## Requirement:
The whole listing, except its pictures, is to be repeated exactly.

## Given information:
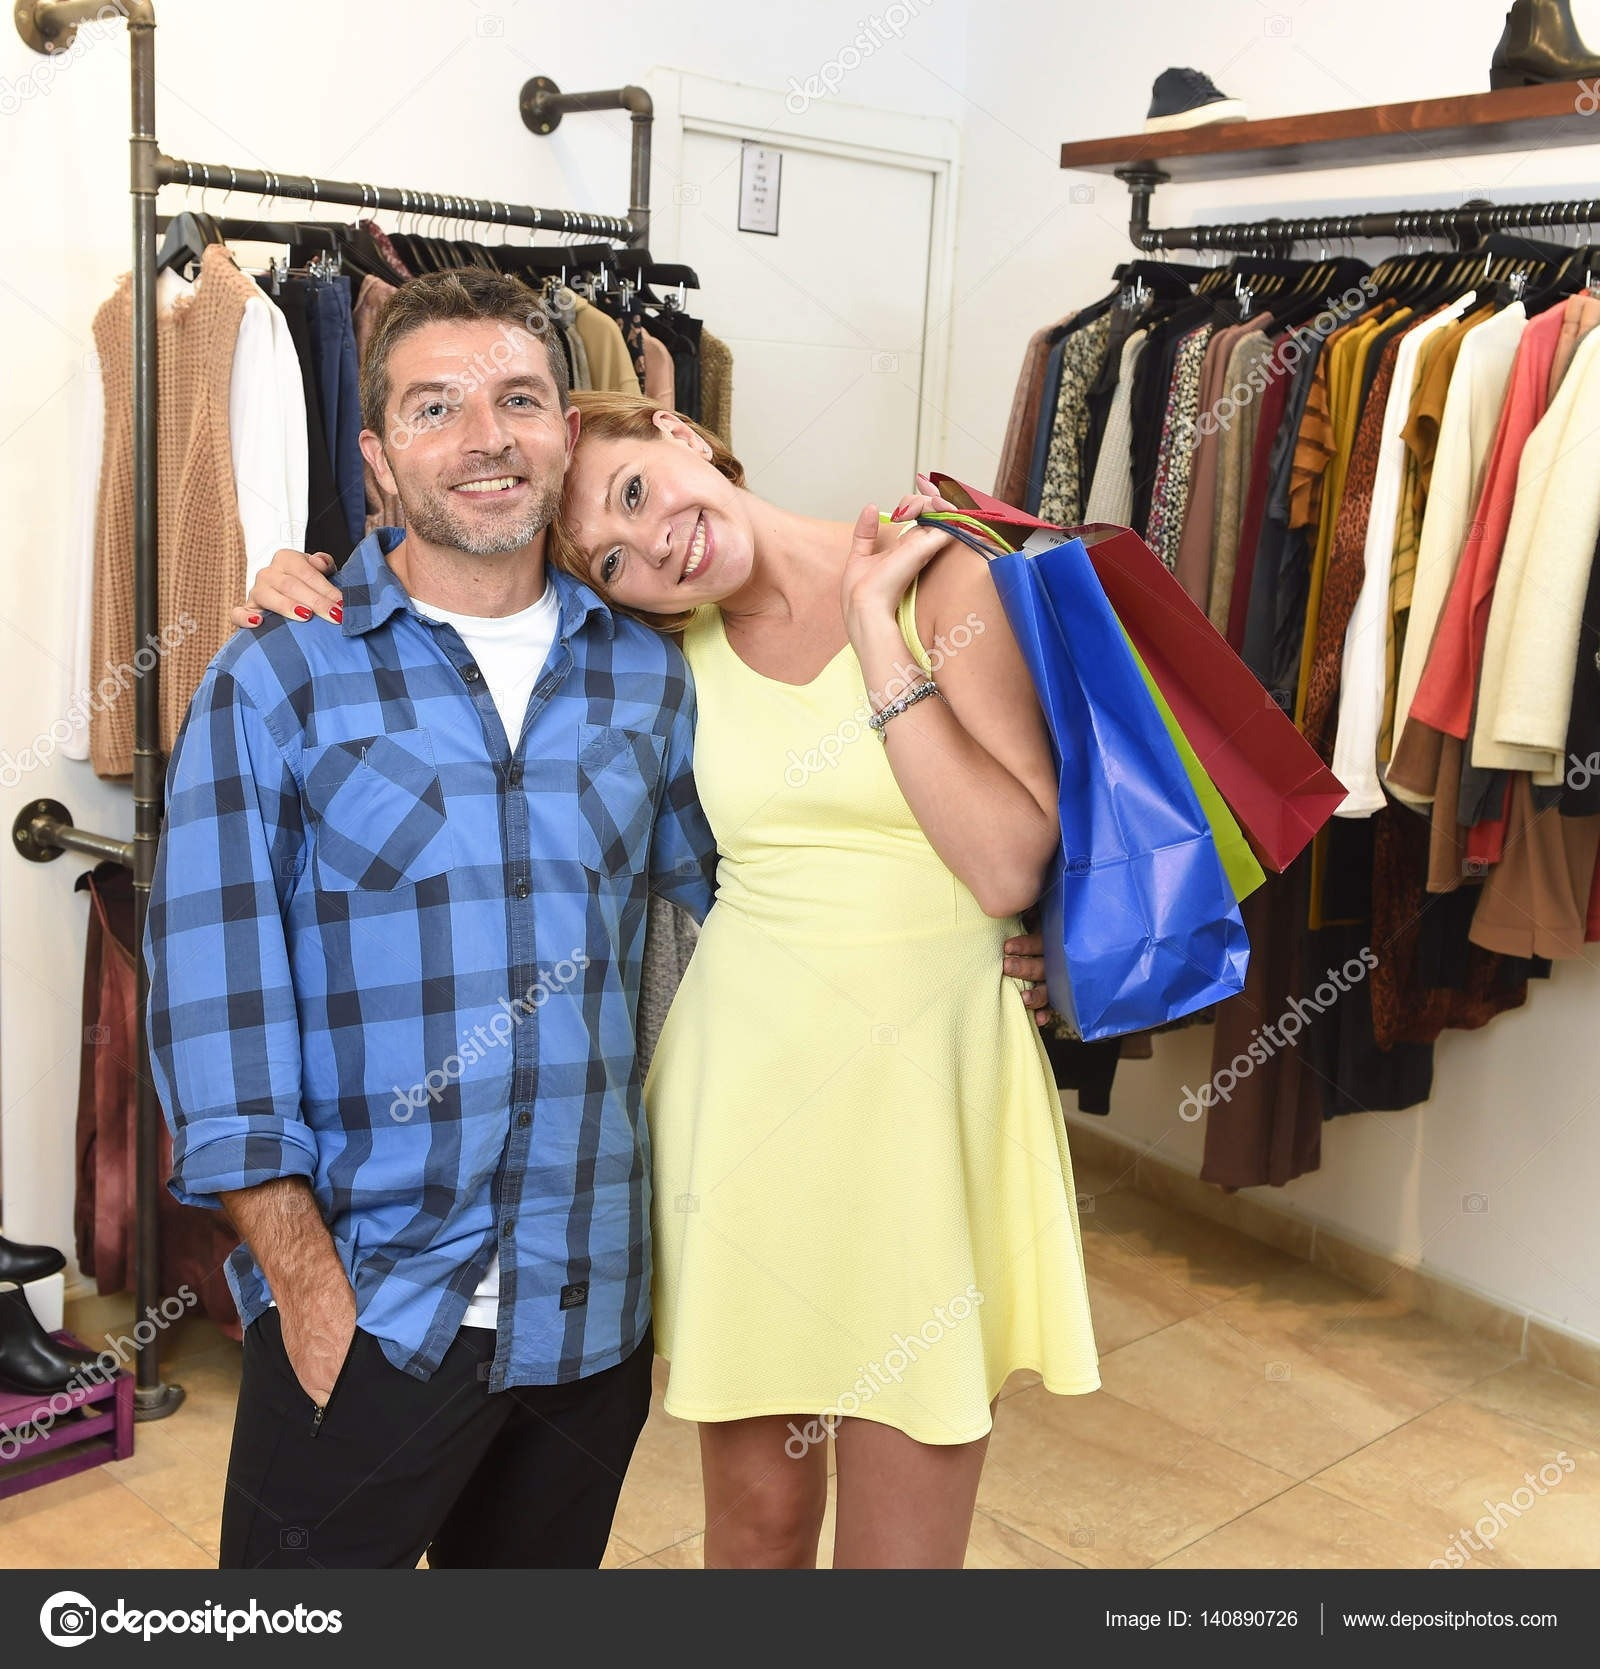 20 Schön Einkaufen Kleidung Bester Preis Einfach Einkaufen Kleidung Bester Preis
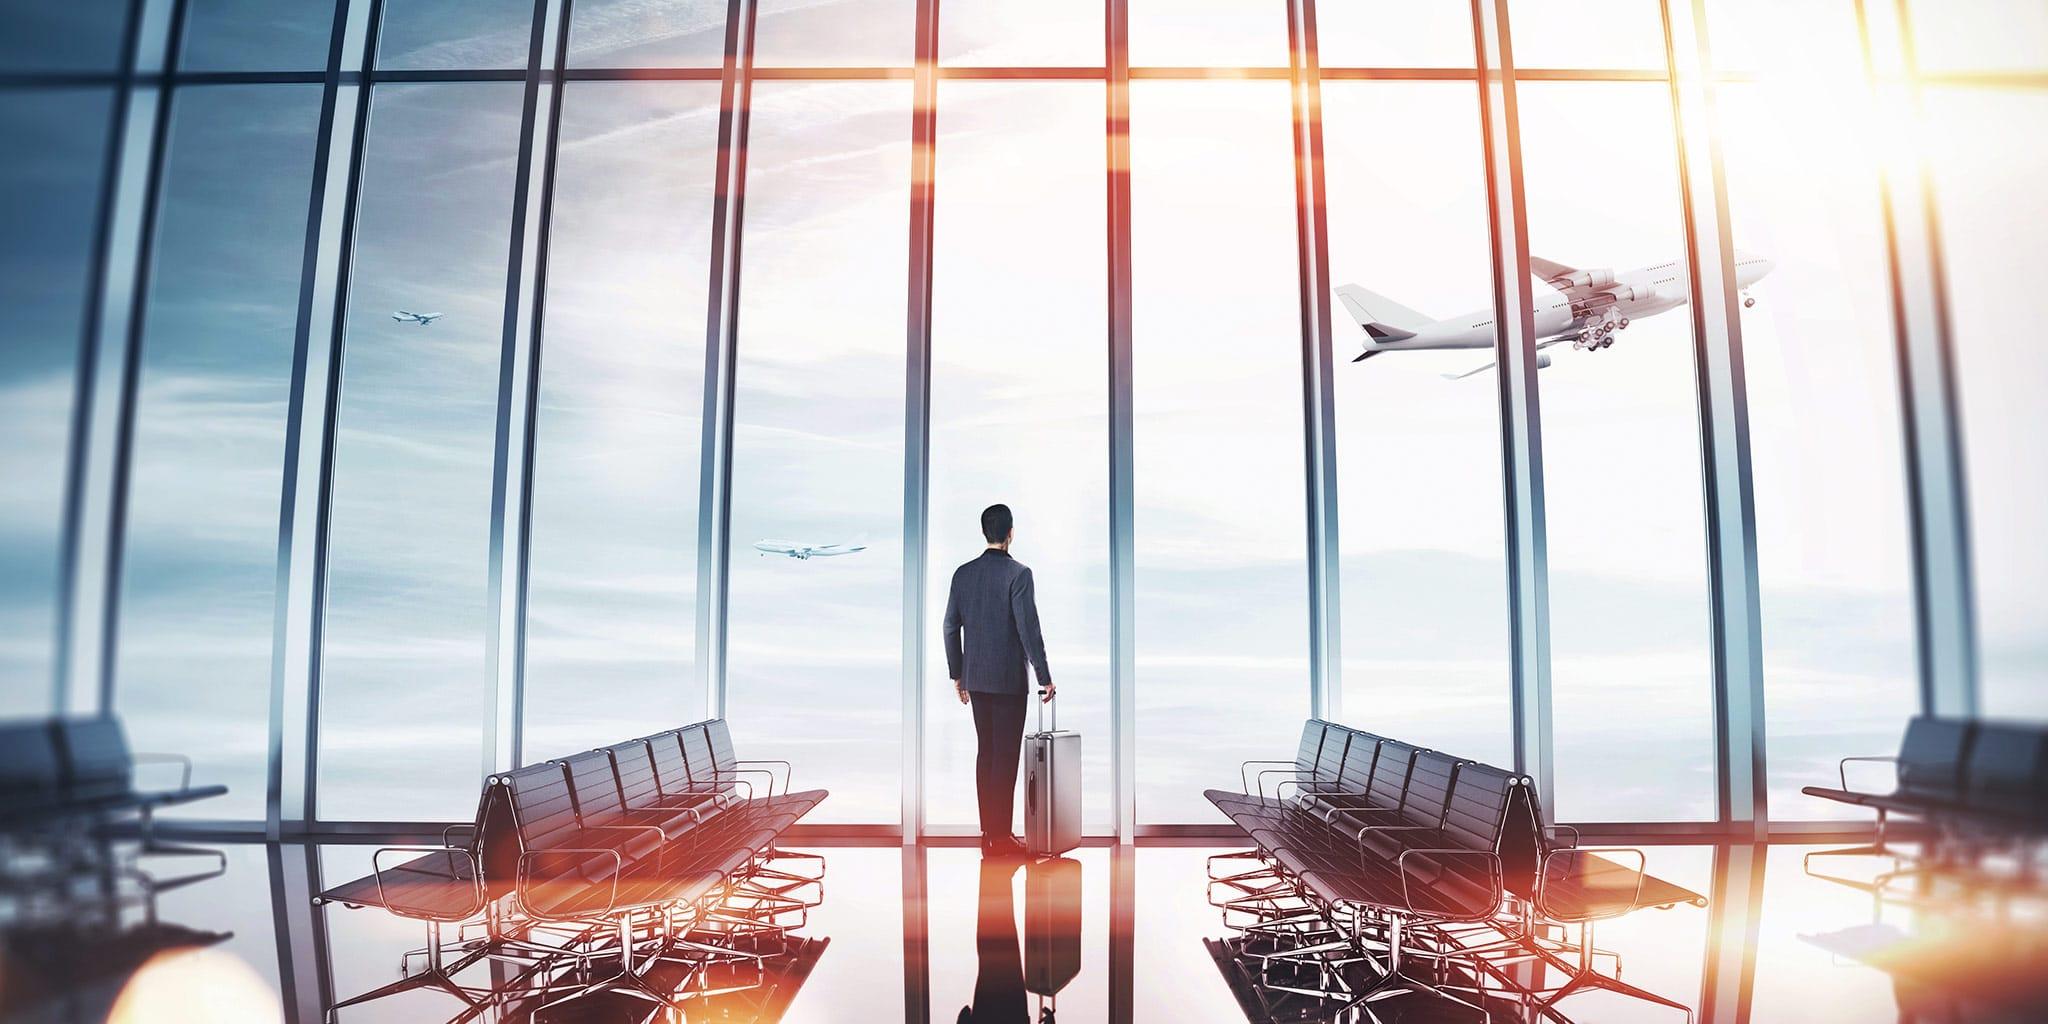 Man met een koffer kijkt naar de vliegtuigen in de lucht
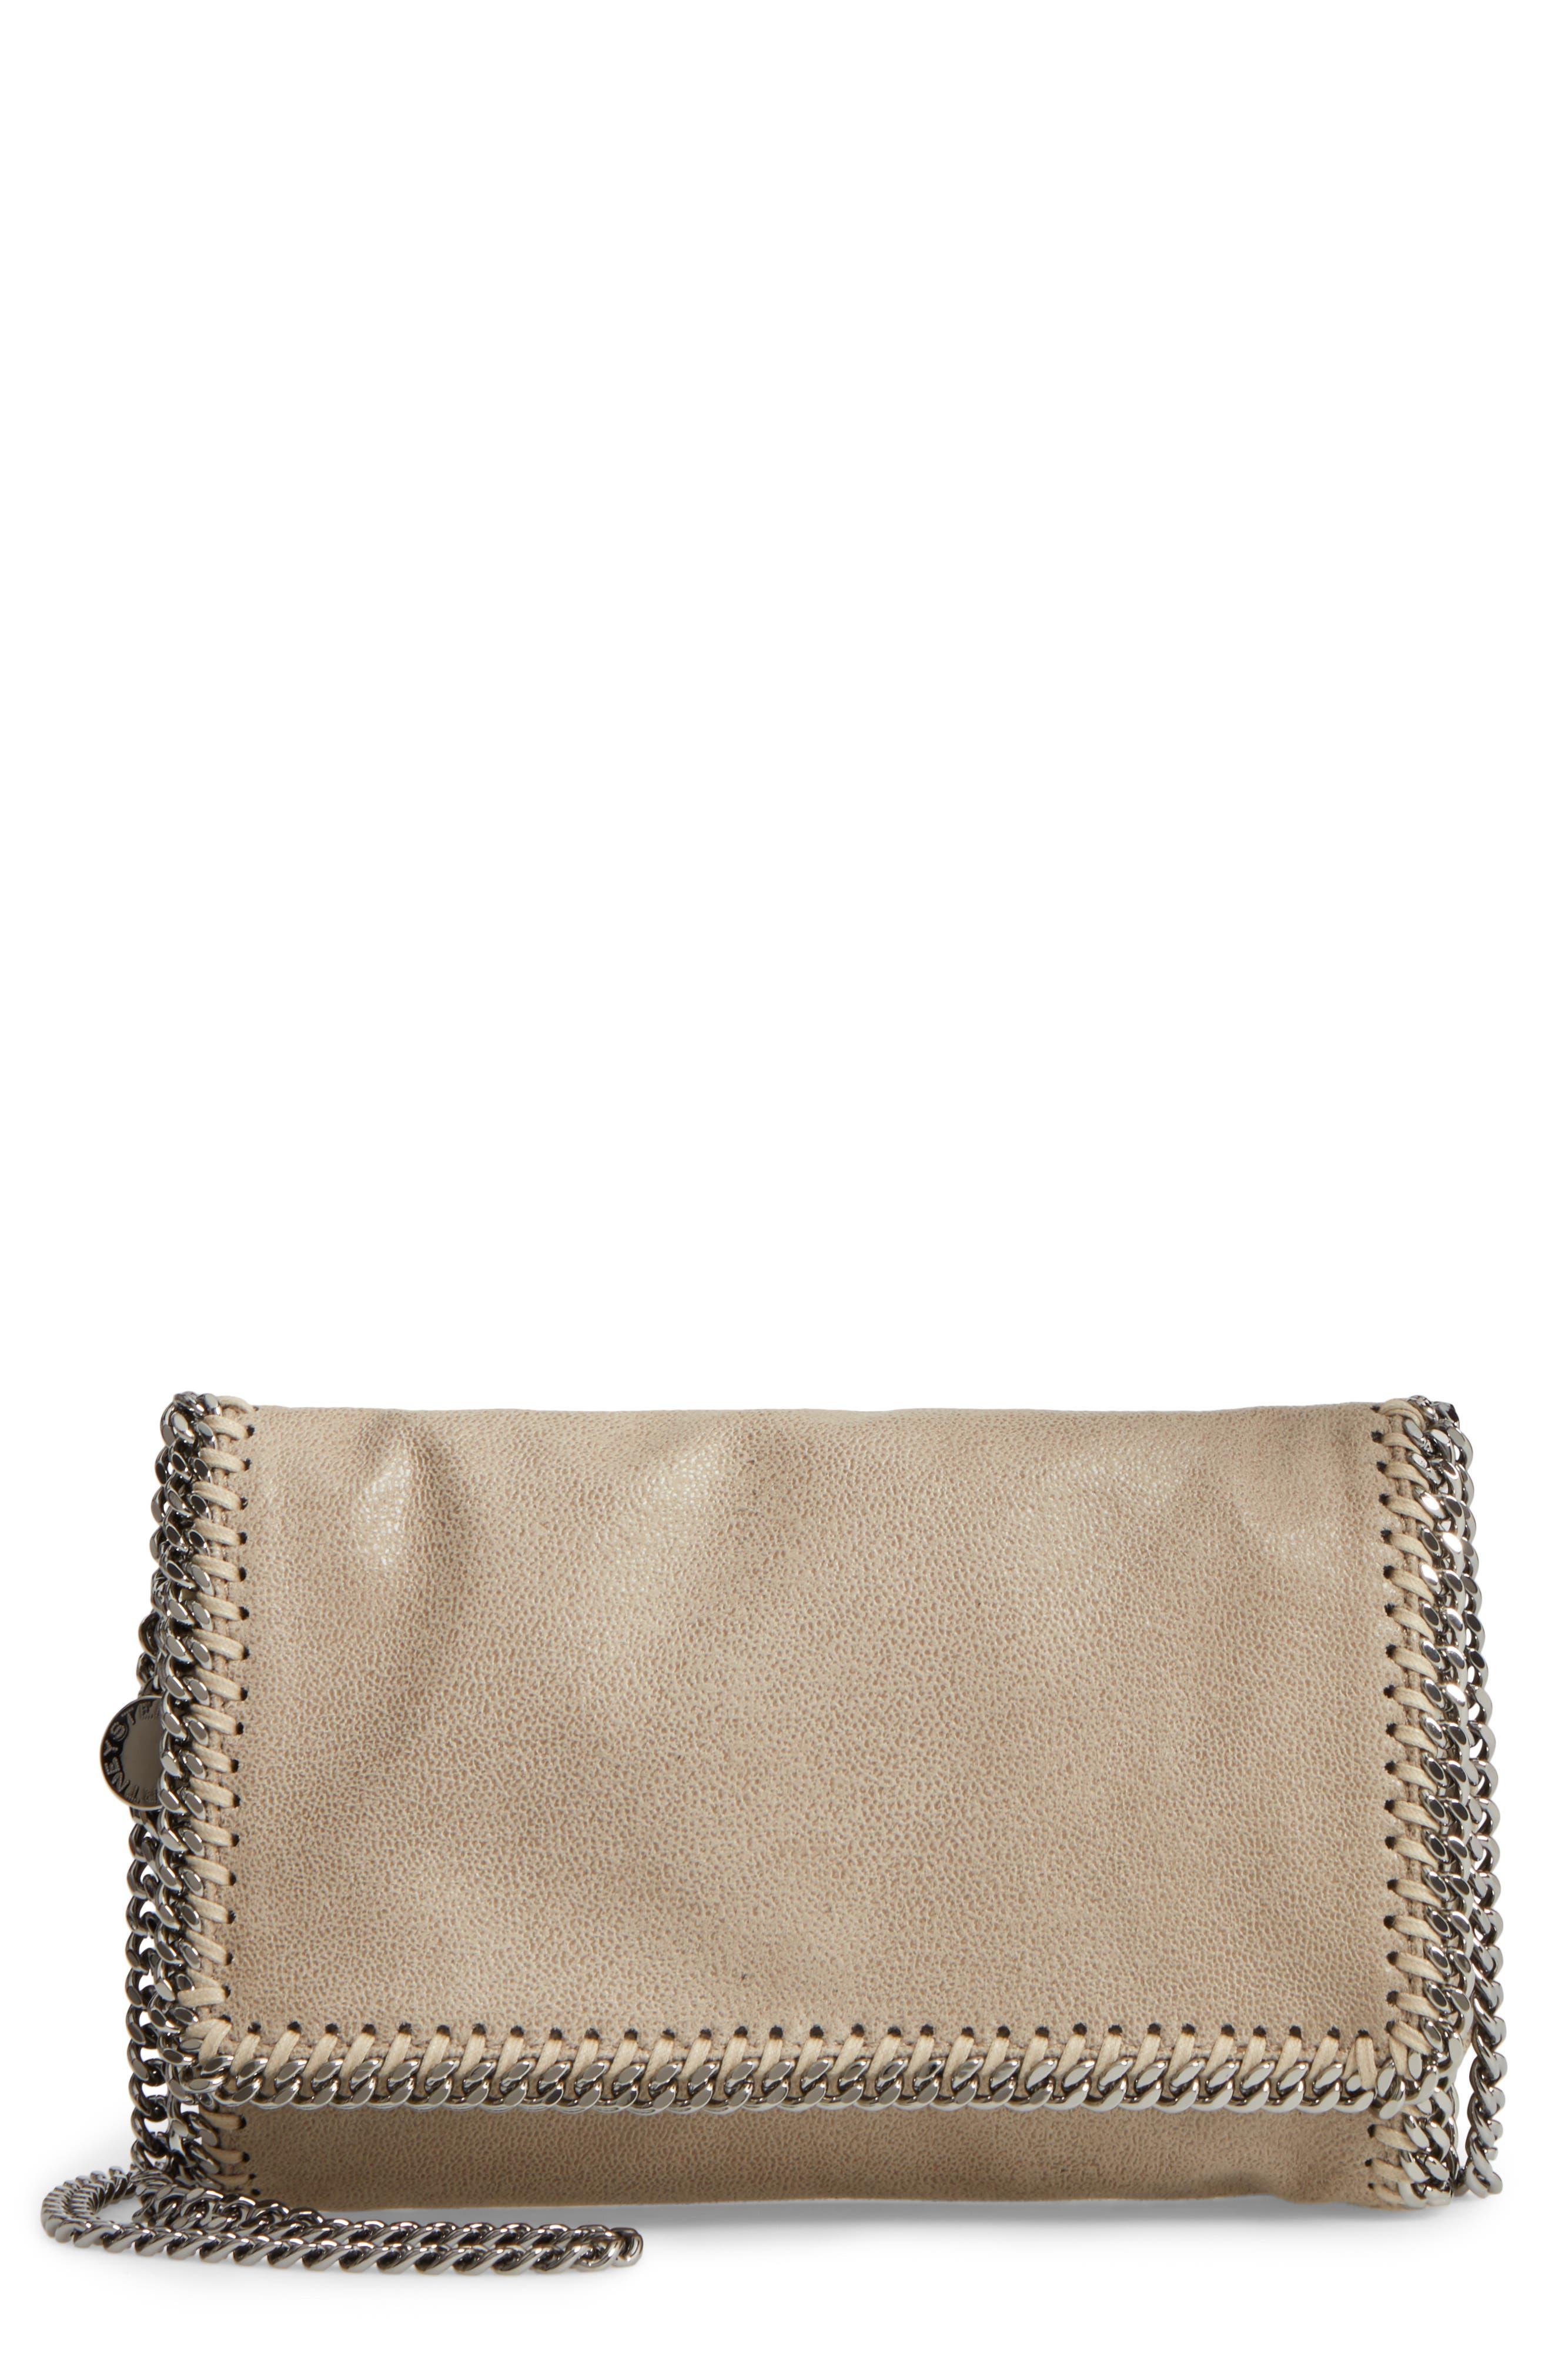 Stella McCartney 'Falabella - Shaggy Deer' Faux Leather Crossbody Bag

## Answer section:
 20 Schön Einkaufen Kleidung Bester Preis Einfach Einkaufen Kleidung Bester Preis
 Man met een koffer kijkt naar de vliegtuigen in de lucht
 Stella McCartney 'Falabella - Shaggy Deer' Faux Leather Crossbody Bag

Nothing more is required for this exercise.